Under the terms of the agreement, unanimously approved by the boards of directors of both companies, Northrop Grumman will acquire TRW for $60 per share in common stock, plus the assumption of TRW’s net debt at the time of closing.
After completion of the merger, Northrop Grumman plans to separate TRW’s automotive business, either through a sale or a spin-off of the business to shareholders.
TRW’s previously announced agreement to sell its Aeronautical Systems business to Goodrich Corporation for $1.5 billion will remain unaffected by today’s announcement.
Anatomy of an acquisition:
May 17, 2002, Northrop Grumman extends offer to expire May 31
May 6, 2002, Northrop Grumman clarifies share tender numbers
May 6, 2002, Northrop Grumman Signs Confidentiality Agreement with TRW
May 3, 2002, Northrop Grumman to review its options concerning extension of TRW exchange Offer
May 3, 2002, TRW special meeting of shareholders
May 1, 2002, Northrop Grumman says TRW distorts facts about length of ‘standstill’ provision
May 1, 2002, Second Northrop Grumman letter issued to TRW shareholders regarding upcoming vote; same is issued in press release
May 1, 2002, Northrop Grumman tells TRW shareholders that control share acquisition vote this Friday is critical
April 29, 2002, Northrop Grumman issues letter to TRW shareholders regarding upcoming vote
April 24, 2002, TRW shareholders send strong message that board should open books for Northrop Grumman
April 24, 2002, TRW annual meeting of shareholders
April 22, 2002, Northrop Grumman releases details of TRW’s confidentiality agreement
April 22, 2002, Northrop Grumman responds to TRW’s confidentiality agreement
April 19, 2002, Northrop Grumman responds to District Court ruling on TRW special meeting
April 18, 2002, Northrop Grumman gains ISS endorsement for TRW special meeting
April 17, 2002, Northrop Grumman cautiously optimistic about TRW sharing non-public information
April 15, 2002, Northrop Grumman comments on District Court’s ruling on Ohio’s anti-takeover laws
April 14, 2002, Northrop Grumman increases offer for TRW to $53; amended offer to expire
April 12, 2002, Northrop Grumman offer expires, unless extended.

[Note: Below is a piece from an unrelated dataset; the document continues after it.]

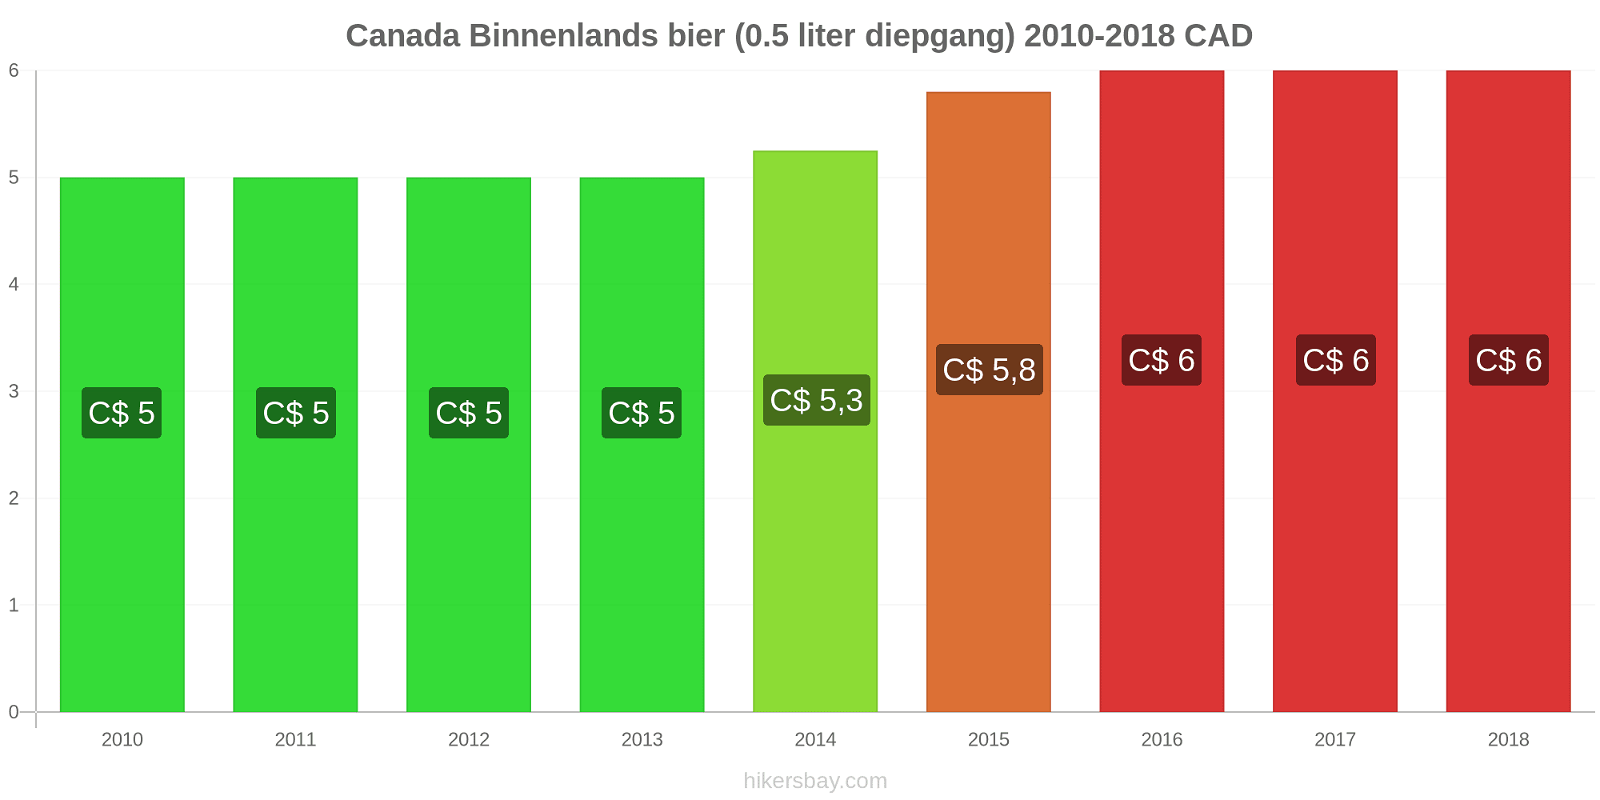 Canada prijswijzigingen Huishoudelijk bier (0,5 liter diepgang) hikersbay.com

April 11, 2002, DOJ requests more information on Northrop Grumman’s plan to acquire TRW Inc.
March 31, 2002, Northrop Grumman extends its offer to exchange until April 12, 2002.
March 13, 2002, TRW’s Board of Directors issues a press release rejecting the offer.

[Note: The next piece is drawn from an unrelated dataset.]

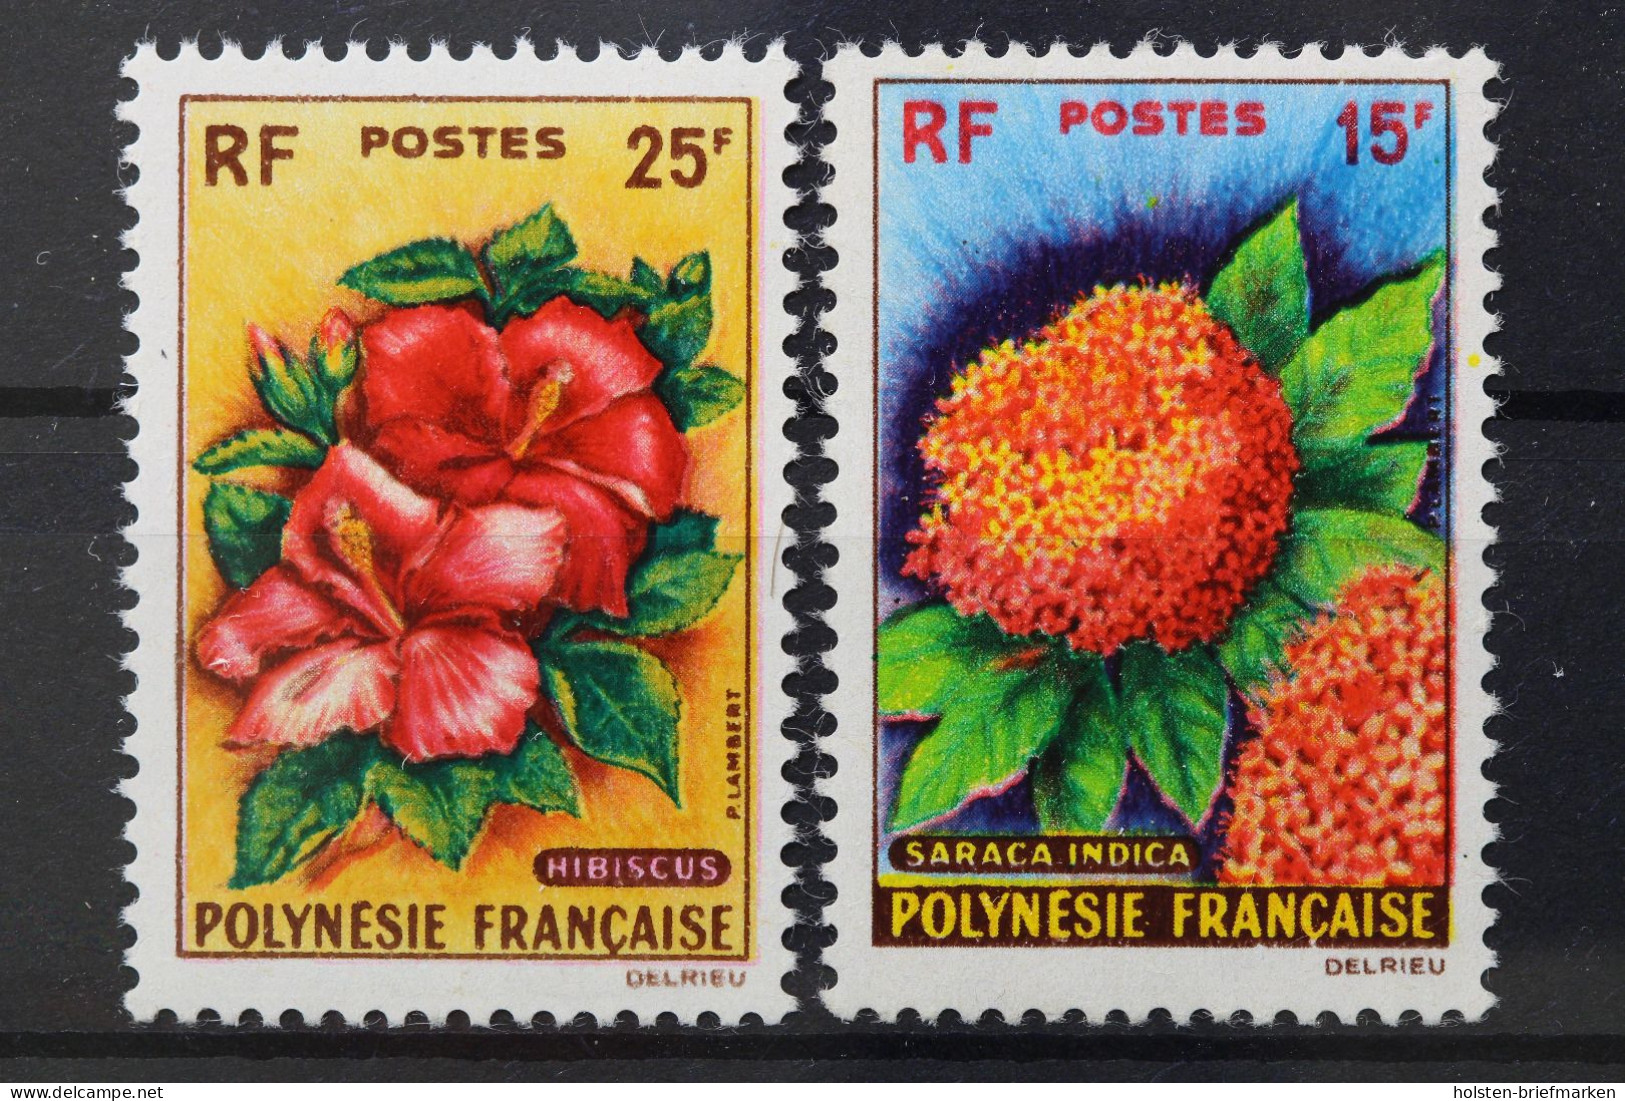 Französisch-Polynesien, MiNr. 20-21, Postfrisch - Unused Stamps

March 4, 2002, Northrop Grumman commences the offer to exchange its shares for those of TRW and delivers to TRW the acquiring person statement.
March 3, 2002, TRW notifies Northrop Grumman that it has rejected Northrop Grumman’s offer.

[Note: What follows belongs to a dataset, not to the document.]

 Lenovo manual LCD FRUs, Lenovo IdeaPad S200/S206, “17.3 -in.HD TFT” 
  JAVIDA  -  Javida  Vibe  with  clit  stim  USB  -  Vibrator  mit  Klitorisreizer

February 21, 2002, Northrop Grumman sends a letter to TRW proposing negotiations.
October, 2001, Northrop Grumman Chairman and CEO, Kent Kresa, has one telephone conversation and one meeting with TRW’s Chairman, President & CEO, David M. Cote, regarding a possible discussion for a combination of the two companies. No discussions were pursued.